She and her daughter are not broken; they are simply tuned to a different frequency, and they are learning, every day, to make beautiful sense of the sound they have. She was the kid people accused of tuning them out as a child. Adults called it selective hearing, and sometimes that might have been true for any kid. Mostly, though, voices blurred unless the speaker was right before her. She said “what” and “huh” a lot, not because she missed the moment, but because words arrived soft and muddled, like whispers through a wall. She taught herself to read lips, so her speech sounded fine to most people.

Her mom suspected hearing loss when she was two. She could sleep through a blasting stereo while her older brother woke at once. She did not react to dropped objects. Yet she kept passing office hearing tests because she learned the rhythm of the tones and followed along. In kindergarten, a specialist finally tested her differently, and the truth appeared: sensorineural hearing loss. Her audiologist explained with a poster and simple words. The tiny hair cells in the cochlea, the little messengers that carry sound to the brain, were damaged or too few. She did not see it as a flaw. It was simply how she was made. Hearing aids meant she could hear more sounds, and the diagnosis proved she had not been ignoring anyone.
Middle school brought a sign language teacher. At first, she resisted. She wanted to blend in, to rely on speech therapy and a classroom microphone, not stand out more than she already did. But that class opened a door. She met others with hearing loss, made friends, and found a language she did not know she needed. Now, a sign helps her in everyday life, especially around water in summer when hearing aids must stay dry. In noisy group conversations, she still loses the thread and sometimes nods along, not from rudeness, but from overload. Repeating can wear people down; pretending feels easier.

Labels can be tricky. She once called herself hearing impaired until she learned many find that term hurtful. She identifies as hard of hearing and also deaf, because without her aids, the world goes quiet. In hearing spaces, she can be treated as deaf; in deaf spaces, she can be treated as hearing. That in-between place requires constant explaining. During the pandemic, a mask that said hard of hearing, please be patient changed things. A theater attendant offered an assistive device she had never known existed. Speaking up, she learned, opens doors. What helps her most is not shouting or slow, exaggerated speech. She needs to see your mouth or clear, separate words. A nurse once leaned into her ear to talk after she was hurt. He meant well, but it blocked the one tool she relies on: vision.
Her daughter, Liana, was diagnosed at two. A game of hide and seek made it clear she had missed a loud “boo” behind her back. An auditory brainstem test showed moderately severe to profound loss. Liana now wears hearing aids and is a candidate for cochlear implants one day, a decision her mother believes should be hers. Thanks to early programs, Liana has grown up with spoken English, American Sign Language, and Signing Exact English to help bridge reading and speech. She prefers signs and sometimes struggles with social language, like mixing up who is a husband or a dad, but she is learning. Her mother tries pictures, videos, and hands-on examples, then rests and tries again.

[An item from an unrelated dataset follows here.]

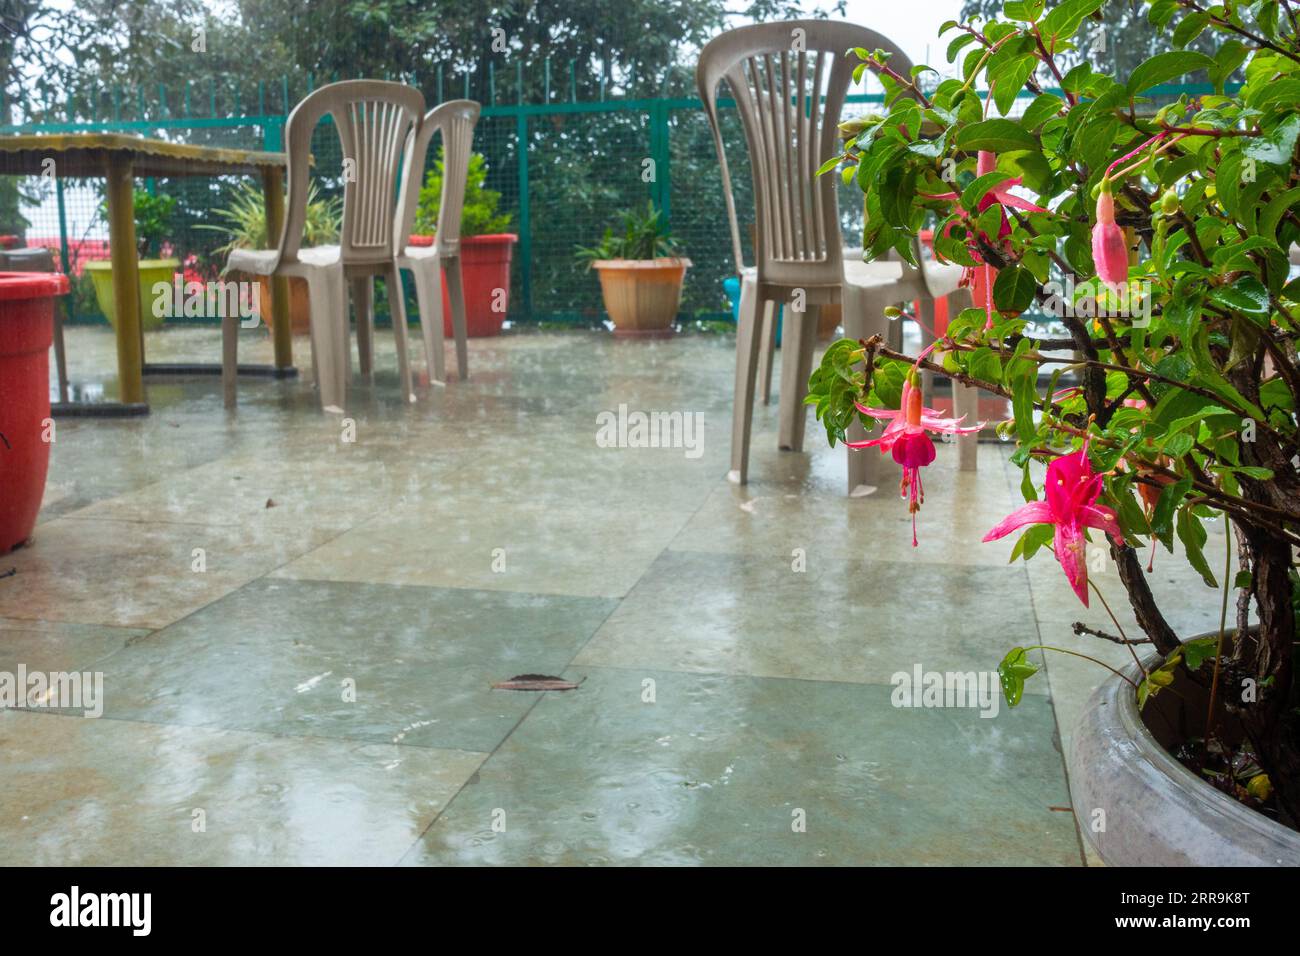 An image of an outdoor garden balcony with empty chairs and a table during a rainy monsoon season in Himachal Pradesh, India Stock Photo

They share a diagnosis, yet their paths are different, and that is okay. Hearing aids are expensive. Insurance often treats them like accessories instead of essentials. Her family scraped and borrowed to cover thousands of dollars every few years. She hopes that changes, because no one should have to choose between hearing better and paying the bills. To other parents, she offers steady advice. It is normal to feel frustrated or behind. Keep showing up. Ask for help. Seek out programs early. Let research be your ally and give your child tools in more than one language.